(DIRECTIONS FOR THIS TASK): In the entries below, find the line with "PUMA Future R698" and the line with "Oven roasted halved". Print those two and everything between them exactly, and nothing else.

==== MATERIALS PROVIDED ====

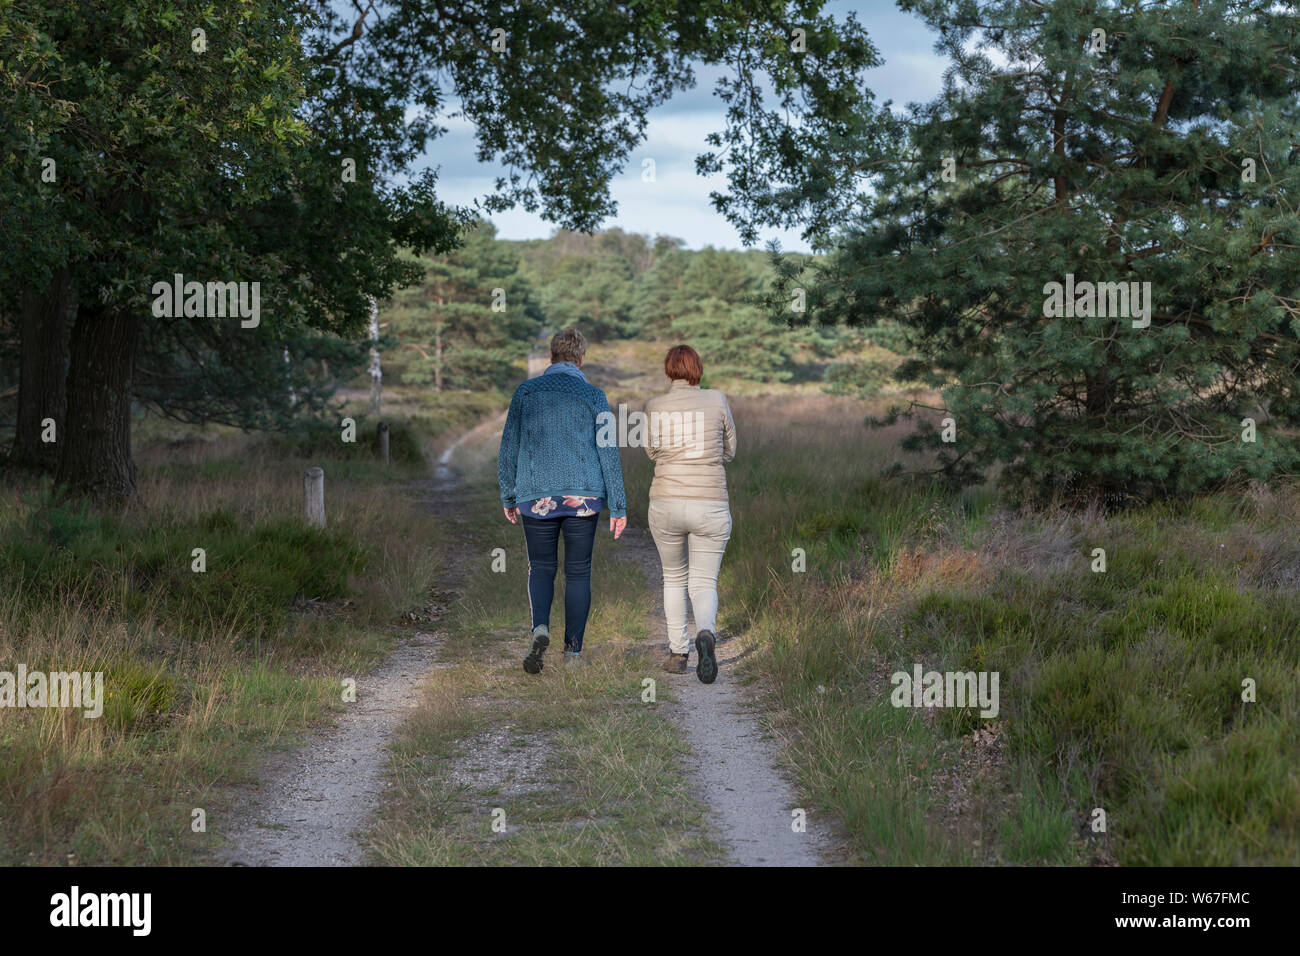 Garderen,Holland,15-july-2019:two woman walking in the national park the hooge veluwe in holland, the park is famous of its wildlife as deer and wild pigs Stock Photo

====
==== MATERIALS PROVIDED ====

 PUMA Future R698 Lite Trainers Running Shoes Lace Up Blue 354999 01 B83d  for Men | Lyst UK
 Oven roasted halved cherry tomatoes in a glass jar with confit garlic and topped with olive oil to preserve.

====
==== MATERIALS PROVIDED ====

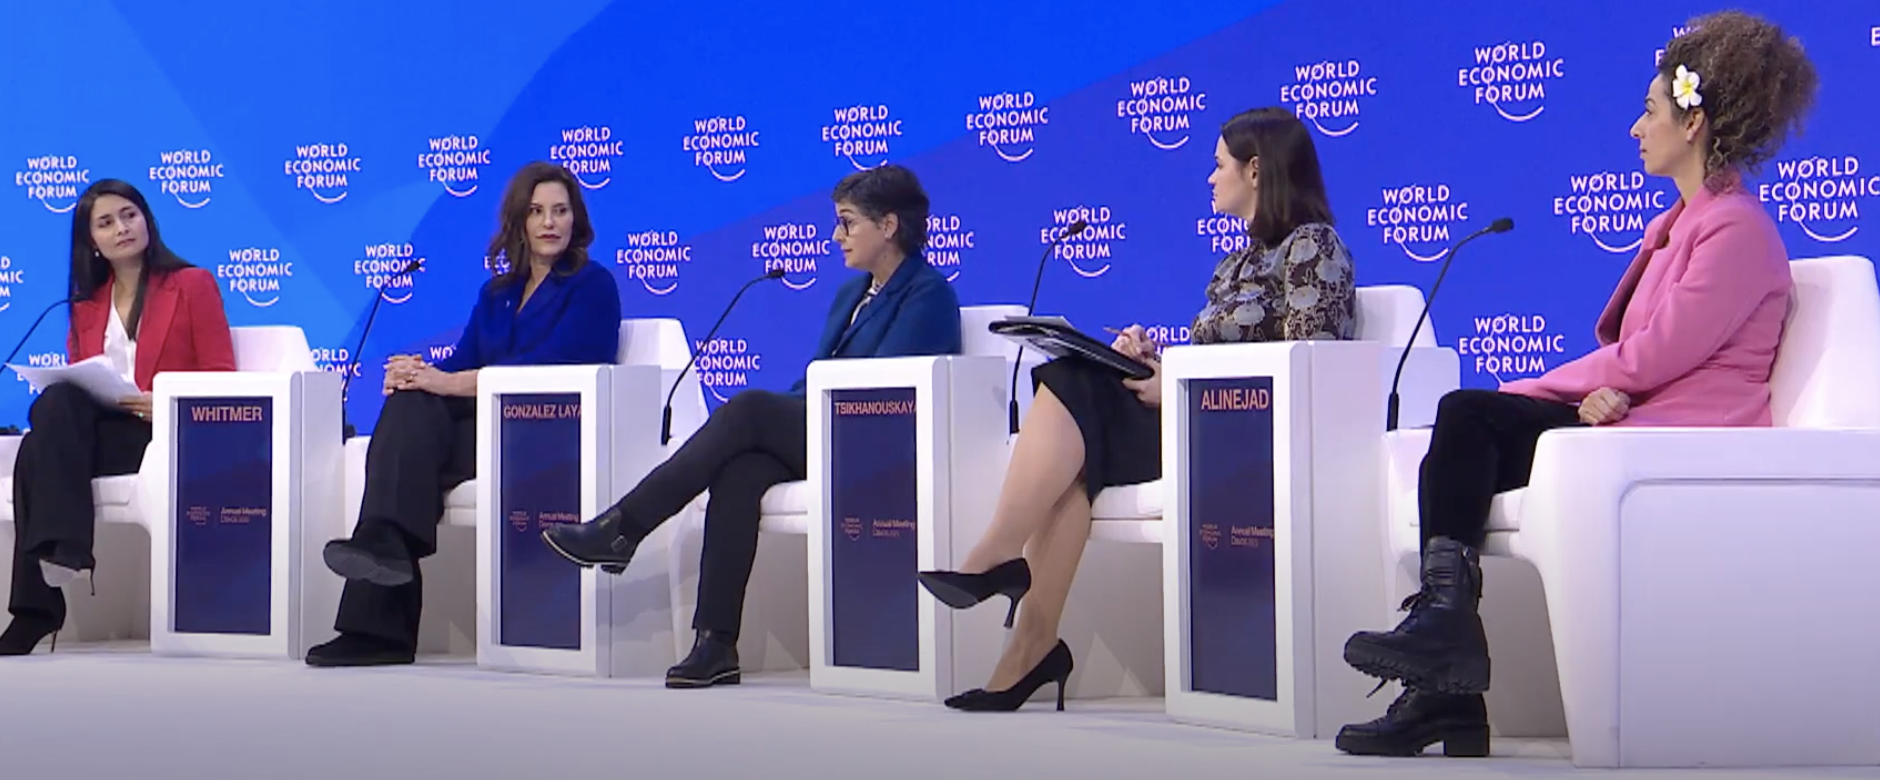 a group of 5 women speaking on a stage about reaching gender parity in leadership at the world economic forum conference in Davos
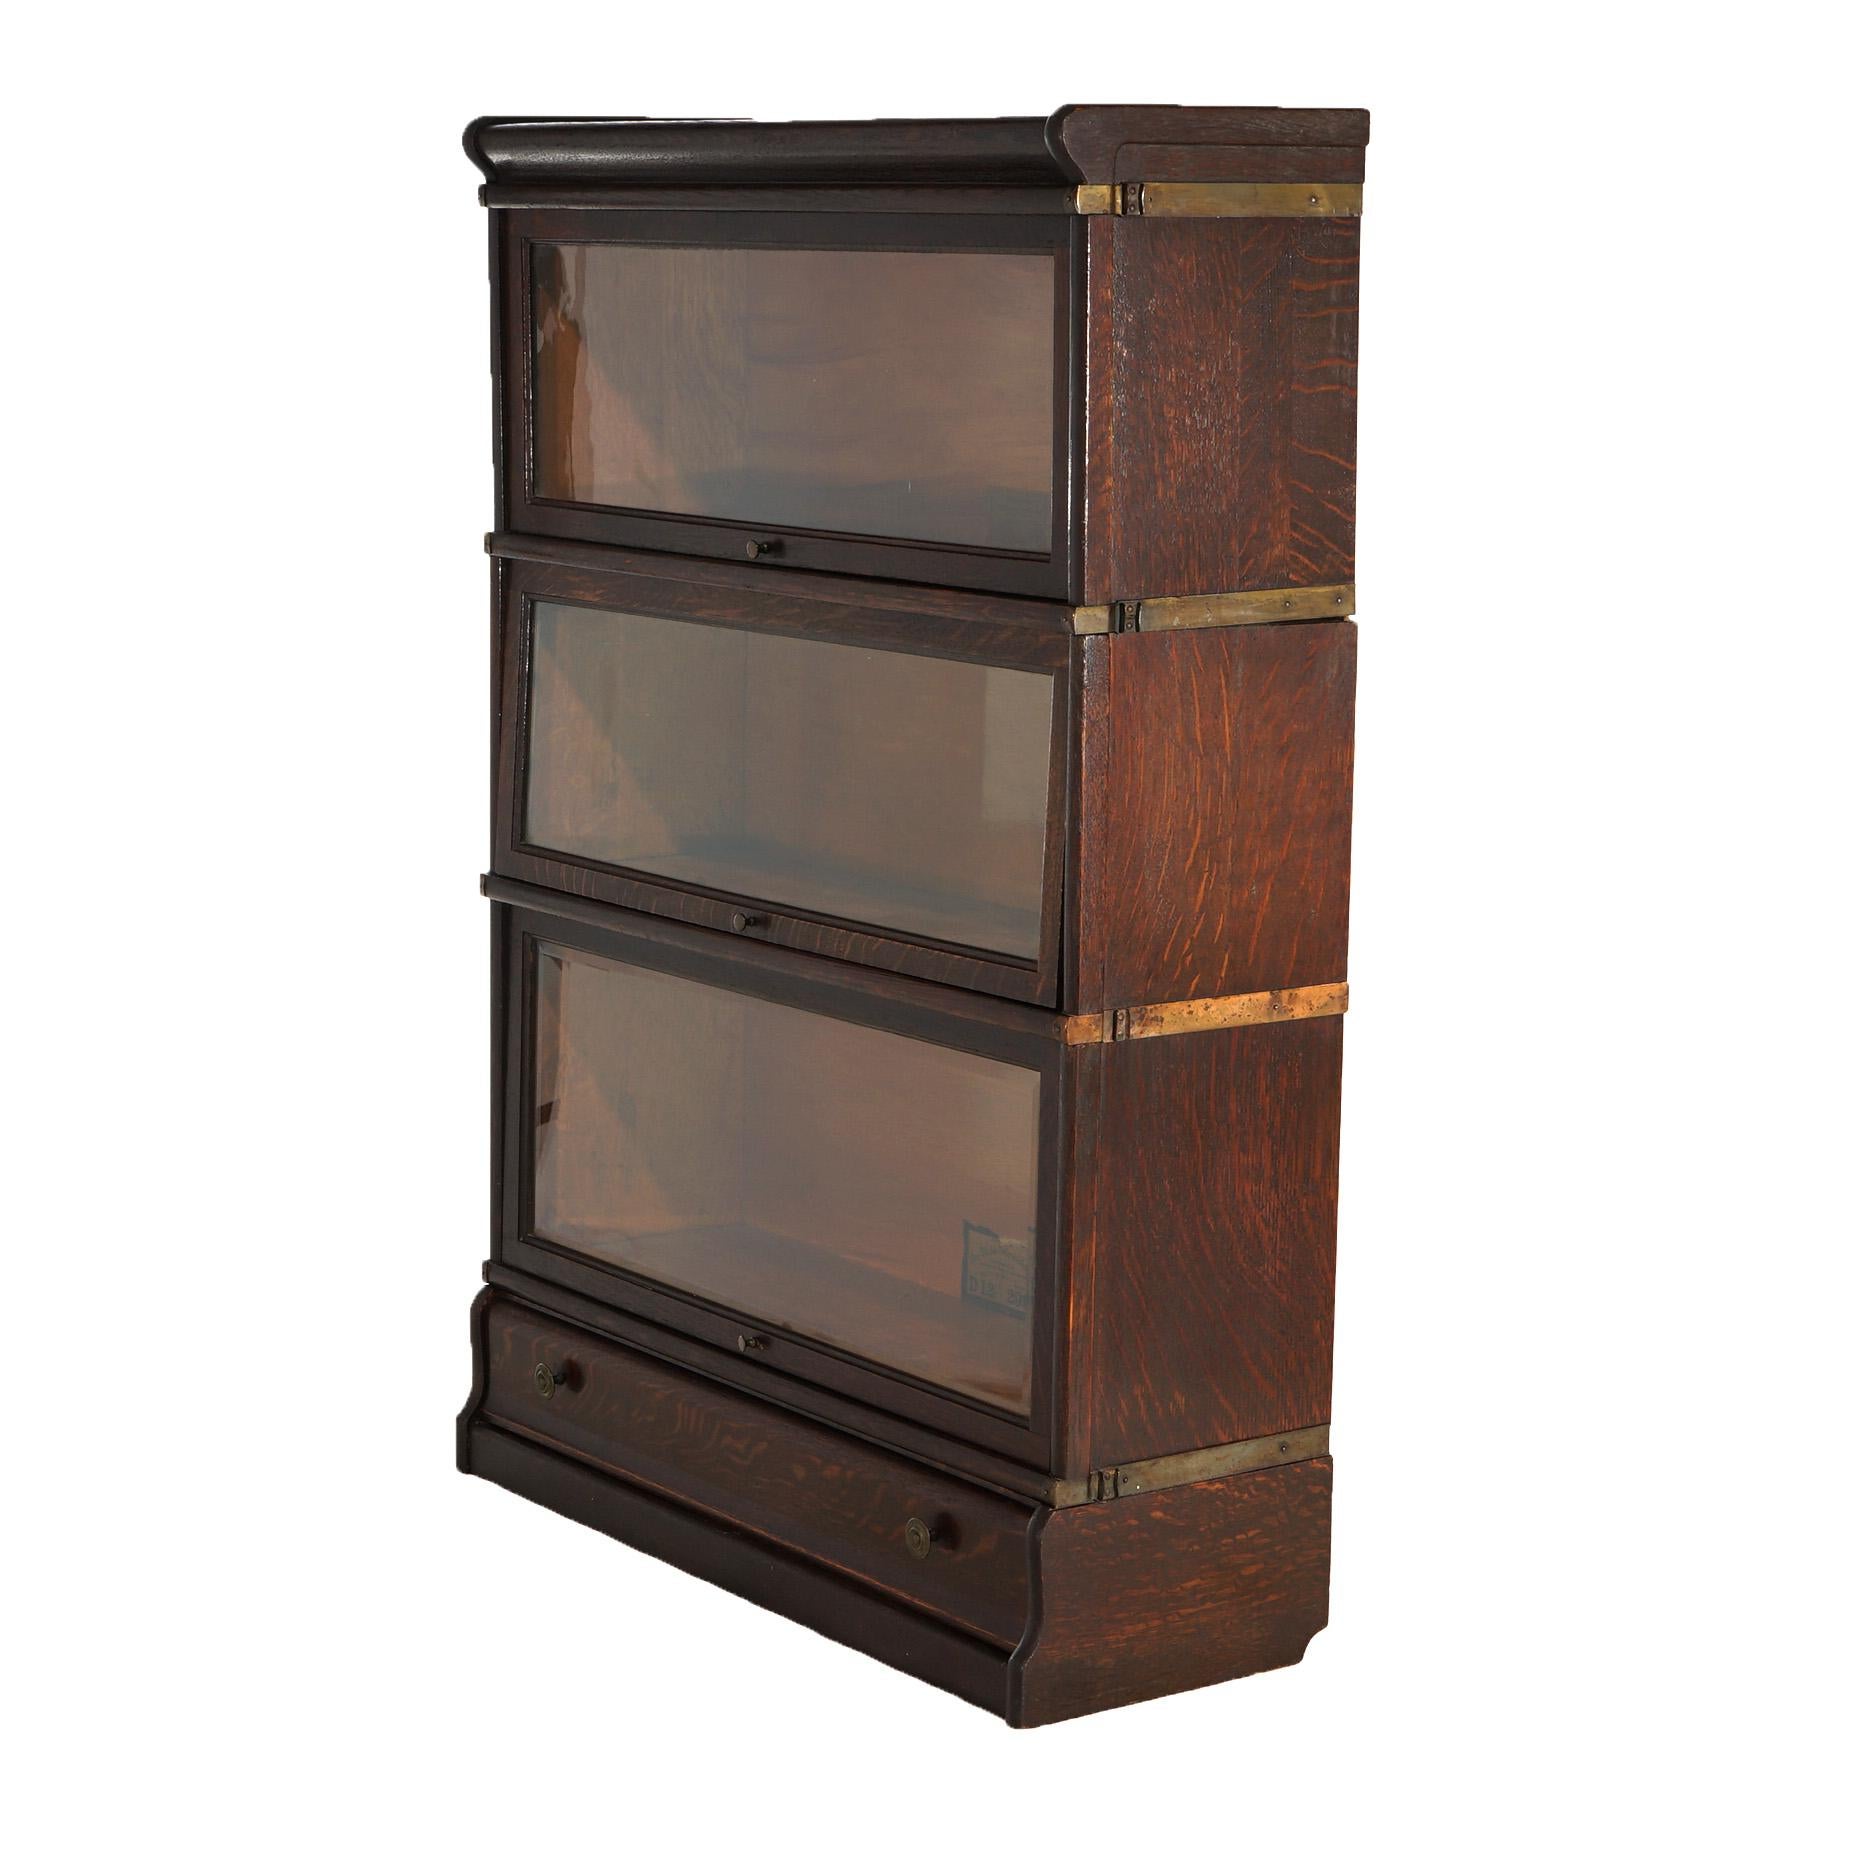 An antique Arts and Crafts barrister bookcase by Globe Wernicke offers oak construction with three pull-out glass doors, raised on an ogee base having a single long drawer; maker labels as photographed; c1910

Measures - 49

====

(RESPONSE):
 PUMA Future R698 Lite Trainers Running Shoes Lace Up Blue 354999 01 B83d  for Men | Lyst UK
 Oven roasted halved cherry tomatoes in a glass jar with confit garlic and topped with olive oil to preserve.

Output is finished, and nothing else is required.